Анжелина улыбнулась и взяла девушку за руку. Пять минут спустя Огюстен Лубе со слезами на глазах обнимал дочь. Его вторая супруга Жермена плакала и рассказывала, как молилась о благополучном возвращении своей падчерицы.
– На дорогах так опасно! Я боялась, что с вами что-то случится! – повторяла она, всхлипывая.
– Загар тебе к лицу! – сказал дочери старый сапожник, когда волнение первых минут встречи поулеглось.
– Погода стояла очень солнечная, – кивнула Анжелина. – Папа, у меня для тебя есть новость! Мне не хотелось сообщать об этом в письме, но я дождаться не могла, когда скажу тебе все сама. Так вот, у меня будет малыш! Он родится в сентябре.
– Foc del cel! – вскричал старик, и на глаза у него снова навернулись слезы. – Об этом-то малыше я смогу рассказать в городе, и он станет называть меня дедушкой! Я очень рад, дочка, очень рад! Подумать только, я буду качать на коленях маленького аристо, как сказал этот старый дьявол Бонзон, когда мы встретились на днях на рынке!
– Не называй дядюшку Жана дьяволом, папа, – упрекнула его молодая женщина. – Он брат мамы, ты разве забыл?

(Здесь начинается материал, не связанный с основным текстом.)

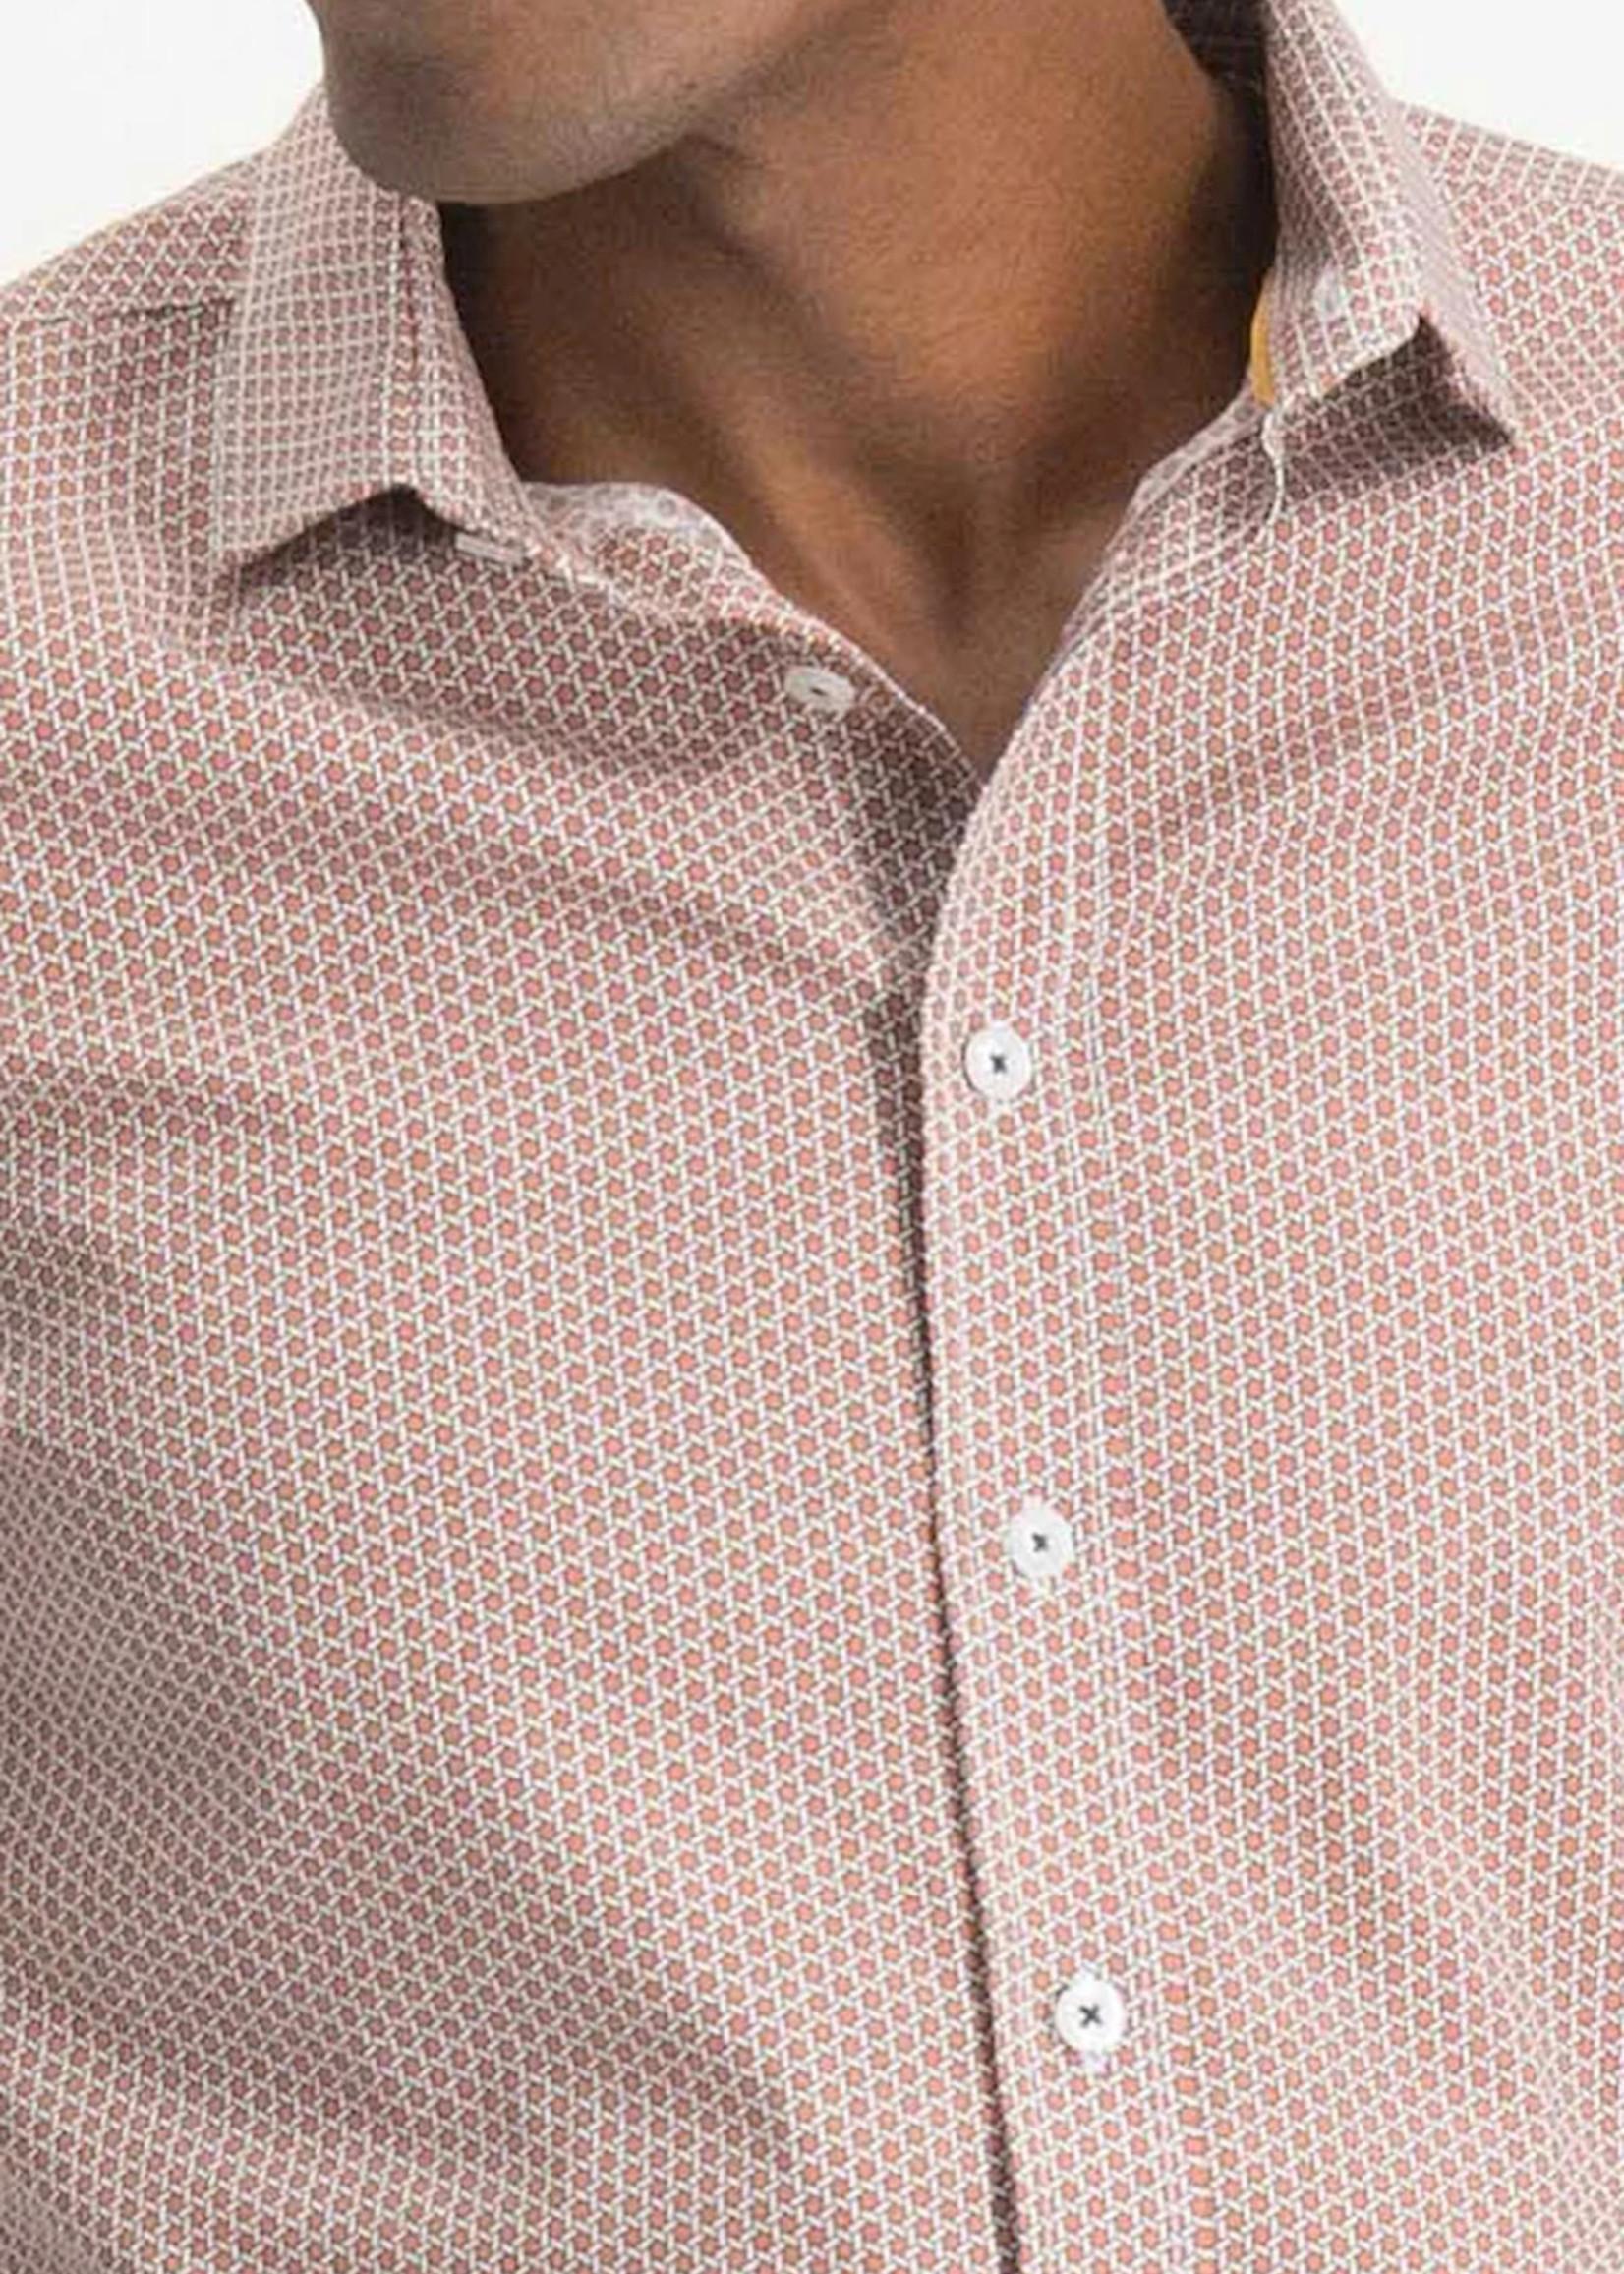 Italian Fit Rotan Design Print Stretch Shirt | Haze & Finn

Голос Анжелины дрогнул, когда она произнесла слово «мама». Жермена и Жерсанда обе хотели, чтобы она так их называла, но только Адриена, умершая четыре года назад, ассоциировалась у нее с этим нежным словом.
– Выходит, ты рассказала ему новость раньше, чем мне? – всполошился Огюстен. – Иначе с чего бы ему говорить, что я буду качать на коленях маленького аристо?
– Выходит, ты рассказала ему новость раньше, чем мне? – всполошился Огюстен. – Иначе с чего бы ему говорить, что я буду качать на коленях маленького аристо?
– Когда молодые люди женятся, у них вскоре появляются дети, мсье Лубе! – сказала Розетта.
– Думаю, Розетта права и дядюшка просто предвидел это счастливое событие, – подхватила Анжелина. – Поцелуй меня еще раз, папочка, и я пойду. Мне нужно поспешить, потому что я хочу еще заглянуть на улицу Мобек, помыться и переодеться. Завтра вечером приходите с Жерменой к нам на ужин!
– Как мило! – обрадовалась Жермена. – Мы принесем с собой бутылку хорошего вина! А я сегодня же возьмусь за вязание. Впереди зима, и я свяжу для малюсеньких ножек нашего малыша красивые носочки из белой шерсти!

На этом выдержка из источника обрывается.